Opinion polls taken throughout 2015 have shown support for air strikes by a majority of voters. A YouGov poll taken last week suggested that 59% of respondents supported air strikes with 20% opposed. 41% of people also supported Britain and the U.S. sending ground troops into Syria. Yet a poll taken by YouGov this week recorded a drop in support of air strikes of 11%. Disapproval of air strikes also increased to 31%. Pollsters offer one partial reason for this decline. While Labour voters supported air strikes, members of the party were opposed. But in the last week, party voters have begun to share the views of members.
Support for the Syrian air strikes echoes opinion about the 2003 Iraq War. Historical perceptions of the run-up to the war have been shaped by the great antiwar protest in London on February 15, 2003. This is for good reason. The march attracted between three quarters of a million and a million people. Nonetheless, the war commanded the support of a slight majority between March and September of 2003. This figure did ebb and flow; it is entirely possible that sentiment over Syria is echoing this phenomenon.
Iraq fatigue has made the public suspicious of war.
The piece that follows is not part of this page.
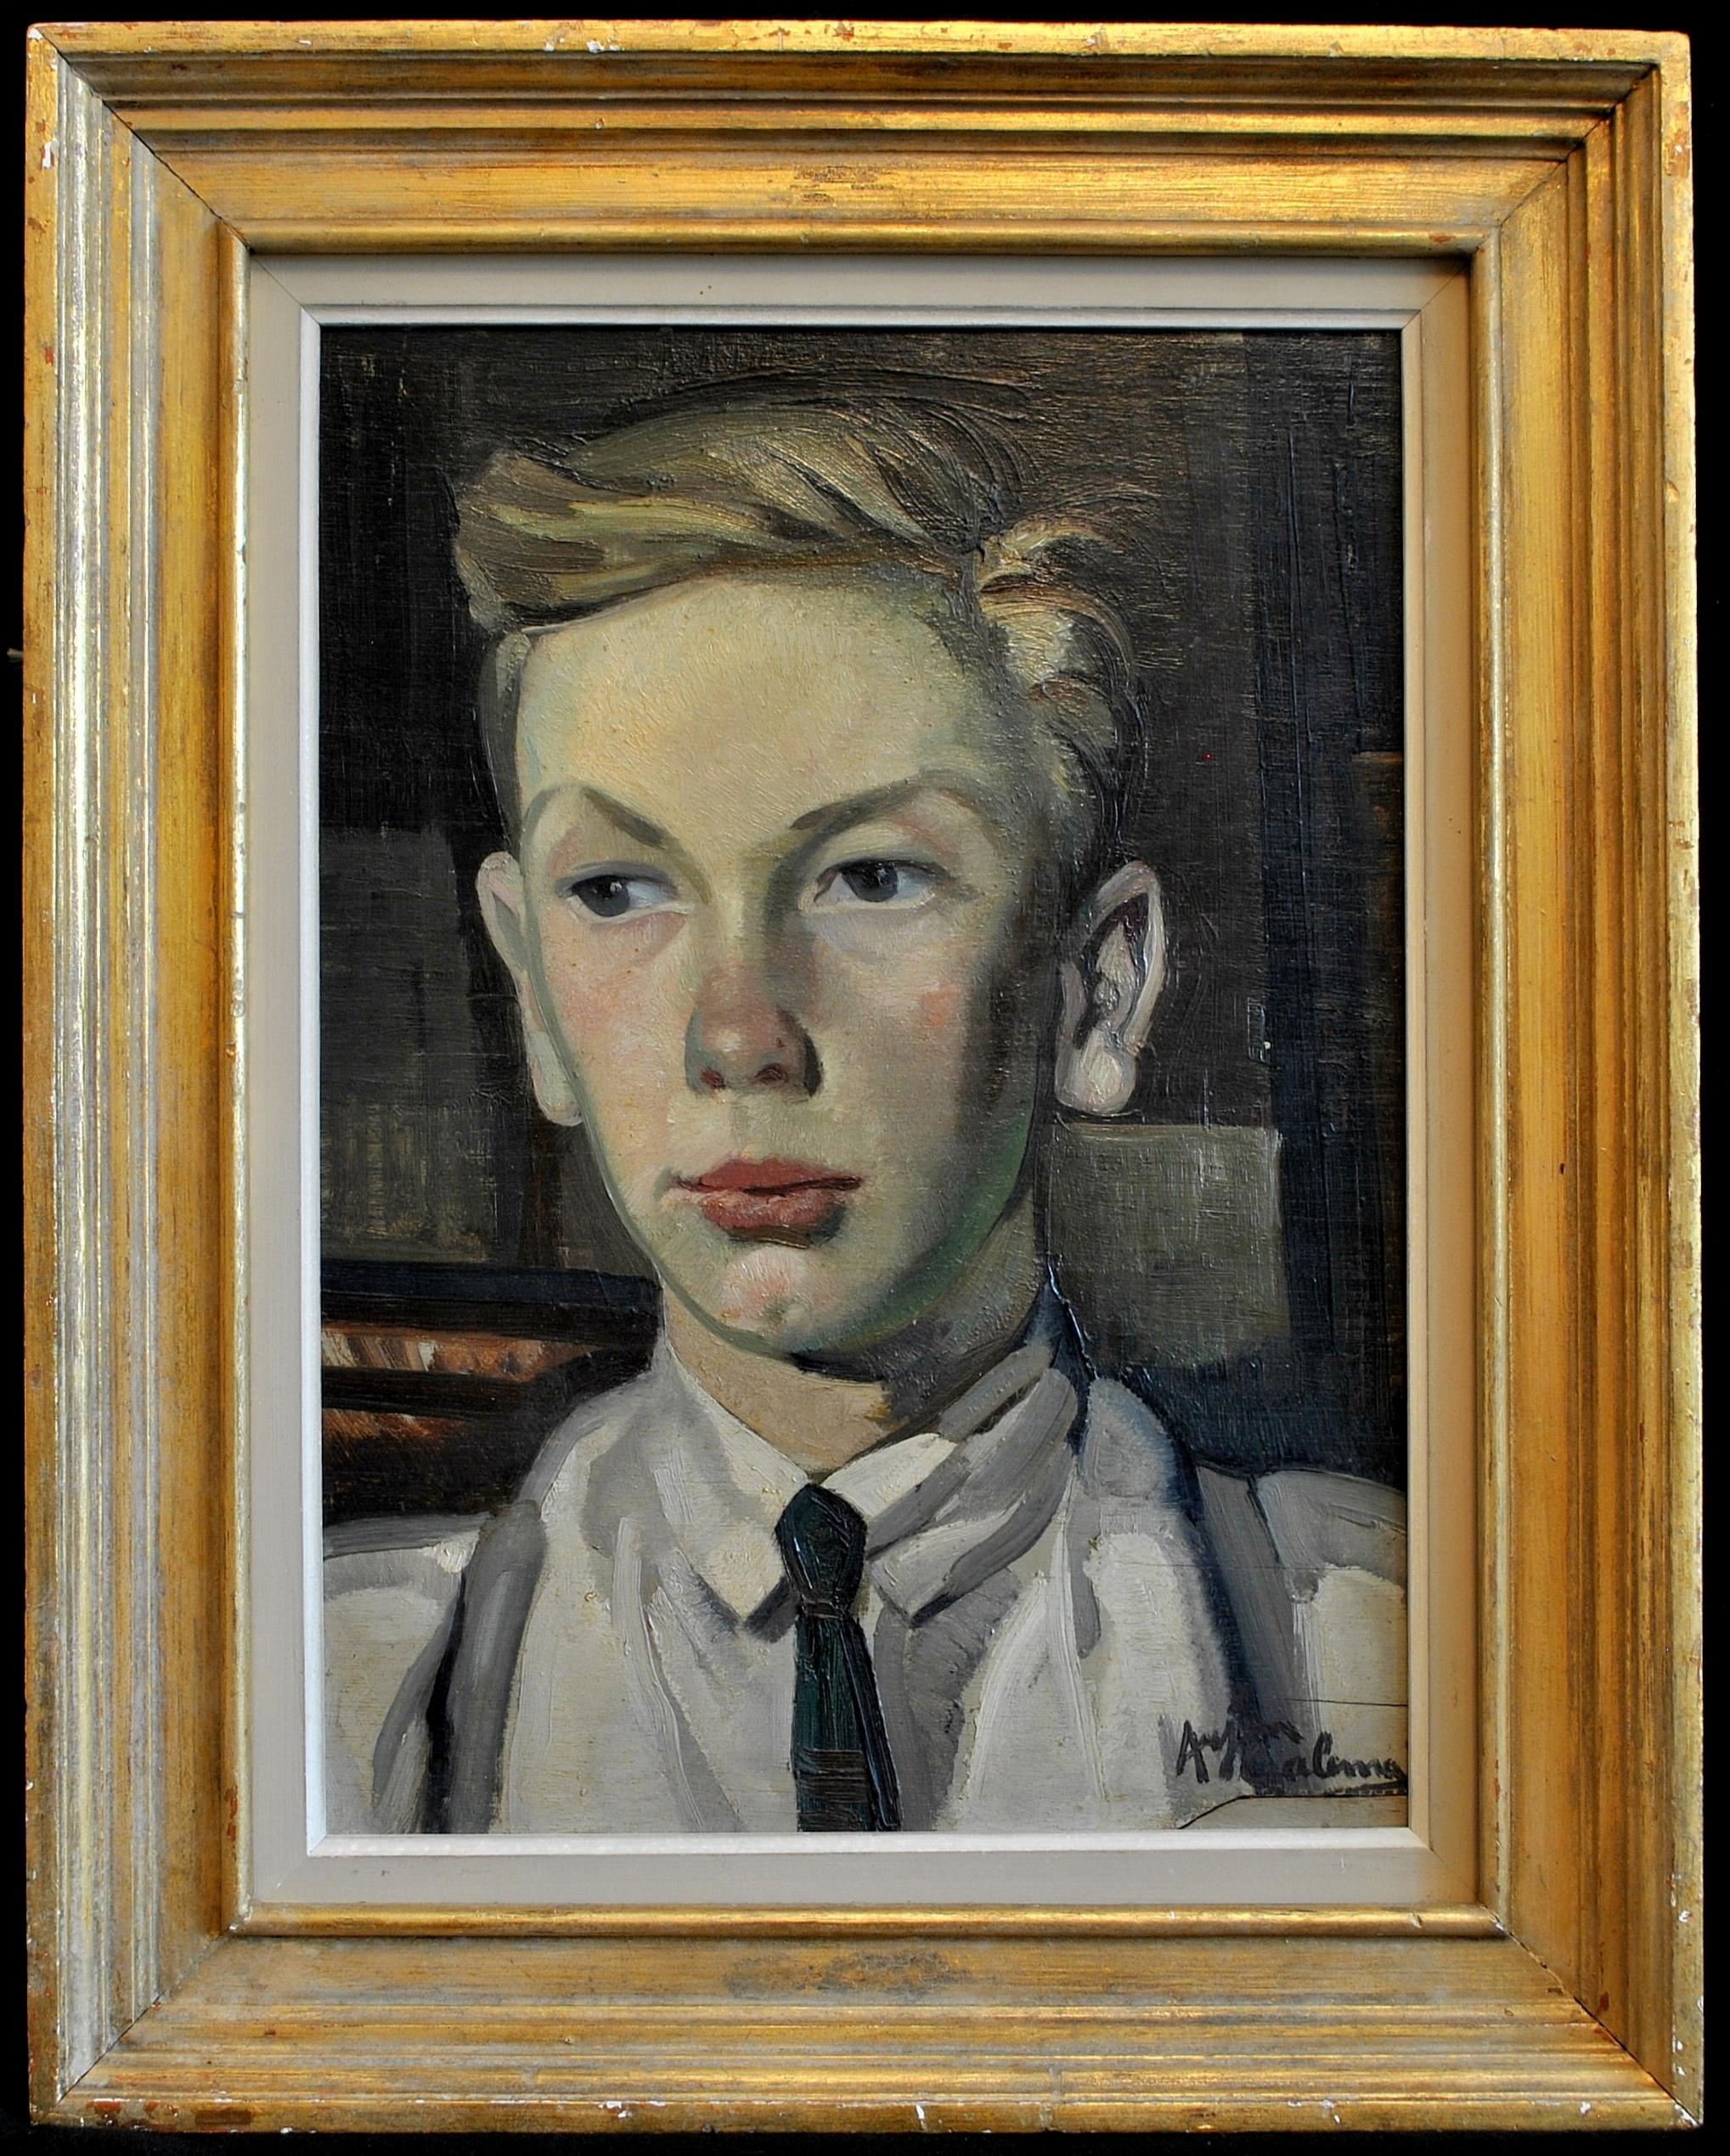 Arjen Galema Portrait Painting - Self Portrait - Dutch Post Impressionist Antique Oil on Panel Painting

The case for the 2003 conflict was made by Tony Blair on the basis of documents claiming that Iraq had sufficient uranium to make an atomic bomb and that it possessed vast stocks of chemical and biological weapons. These dossiers were later revealed to be nothing more than a series of “sexed up” fabrications. While the Chilcot Inquiry into official misconduct over Iraq concluded in 2011, its findings will not be published until at least 2016. This has left many suspicious of foreign intervention. Corbyn’s statement this year that he could see no circumstances under which he would send British troops to war appealed to those disenchanted with Labour over Iraq. This is a fine moral stance. It does make the development of a coherent foreign policy rather difficult though.
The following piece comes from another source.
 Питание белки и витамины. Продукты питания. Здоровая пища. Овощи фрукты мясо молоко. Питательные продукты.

Brittle public support may also reflect uncertainty over war aims. The Prime Minister believes that threats from ISIS towards Britain make intervention a necessity. Intervention in Syria is legal under international law. Air strikes fulfill Britain’s responsibility to its allies and international security objectives. But Cameron was less clear in articulating what victory would look like. What would British air strikes achieve? Will air strikes be effective? How will Syria be rebuilt? Cameron’s claim that 70,000 Free Syrian Army troops are waiting to rise up against Pres. Assad is contentious. This force does not seem to exist.
There is clearly an argument for air strikes. In a remarkable speech, shadow foreign secretary Hilary Benn explained that resistance to fascism is part of Labour’s tradition of internationalism. But Corbyn’s preference for confrontation to consensus prevented Labour from developing a position that likely reflected public opinion: a demand for more clarity from the government over its long-term intentions in Syria.
Wavering public support suggests that while voters support air strikes, they are not entirely convinced by the government’s arguments. There is a danger that Britain is going to war simply because it cannot think of anything else to do.